Mathematicians often use the ∧ carrot to represent AND such as X = A∧B The carrot is a logic symbol. However in many electrical engineering diagrams, instead of the carrot the product or dot is used instead X = A·B It is easy to see why we might think of this as being a multiplication, look at the digits in our truth table; The only time that we are getting an output from our gate is when the inputs are not being multiplied by zero. We will see later how this symbol links well with that which is used for OR, we will be examining this next.
inputs | output | ||
---|---|---|---|
A | B | C | X |
0 | 0 | 0 | 0 |
0 | 0 | 1 | 1 |
0 | 1 | 0 | 1 |
0 | 1 | 1 | 1 |
1 | 0 | 0 | 1 |
1 | 0 | 1 | 1 |
1 | 1 | 0 | 1 |
1 | 1 | 1 | 1 |
The output of the OR gate returns 1 if any inputs are 1, it is analogous with an array of switches in parallel in an electrical circuit.
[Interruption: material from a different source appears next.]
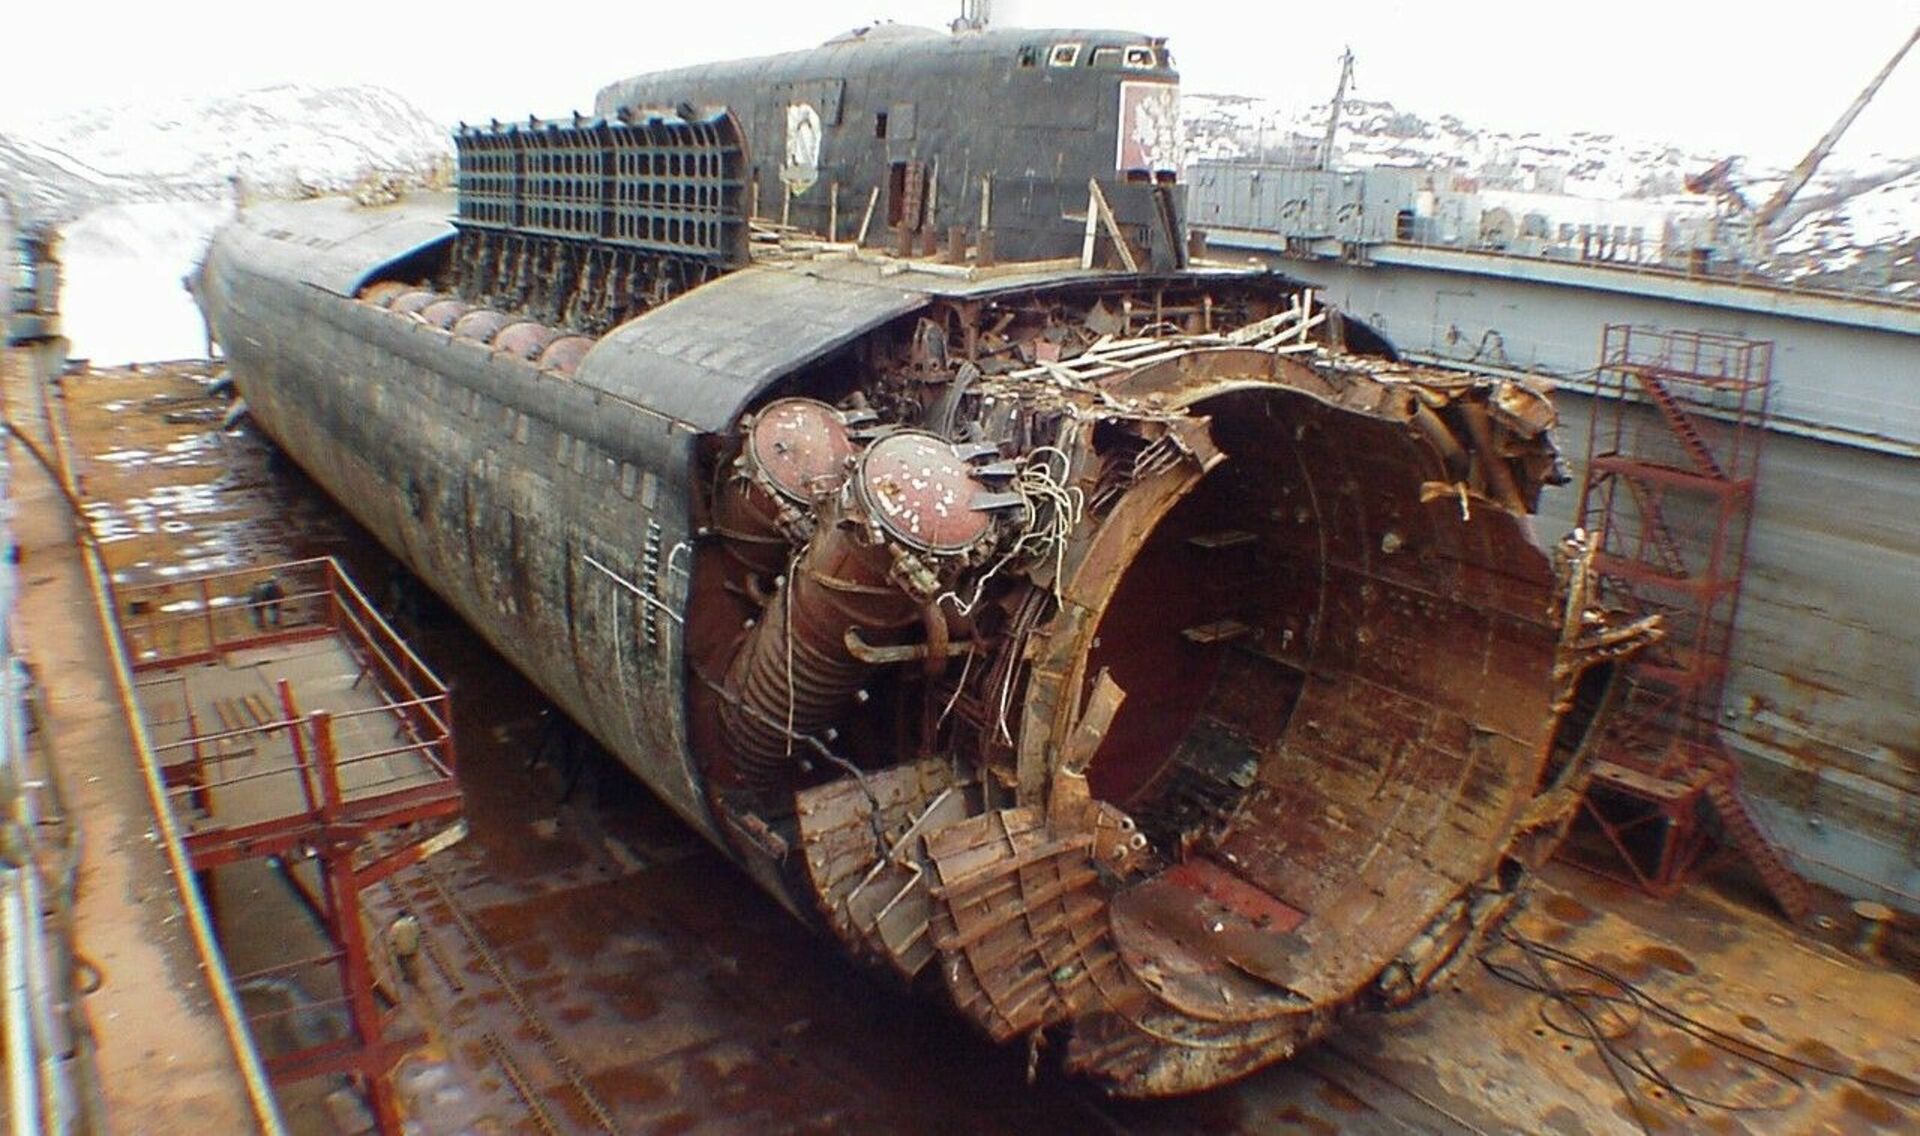 Курск ушел под воду. К-141 «Курск». Подводная лодка к-141 «Курск». Гибель атомной подводной лодки Курск 12 августа 2000 года. Атомная подводная лодка Курск.

In mathematics a small ∨ is typically used to denote OR logic, X = A∨B this small ∨ represents the maximum function, which makes sense for our boolean logic as for each row, if there is a 1, we are setting our output to it's maximum value. However we will not be using it, later on when we are in the process of designing our logic, we will be using something called a 'sum of products' expression, and we may occasionally use a 'product of sums'; The term 'sum' refers to the OR logic, so frequently you will see the + sign used to represent the OR operation. We will be using the + sign to represent the OR operation X = A+B.
inputs | output | |
---|---|---|
A | B | X |
0 | 0 | 0 |
0 | 1 | 1 |
1 | 0 | 1 |
1 | 1 | 0 |
The exclusive-OR (XOR) gate has some unique definitions, not all of which mutually agree, starting out with the mathematical definition. Output a logic one if exactly one input is a logic one, from this we can understand why it is known as 'exclusive', there must be only one exclusive input at logic one.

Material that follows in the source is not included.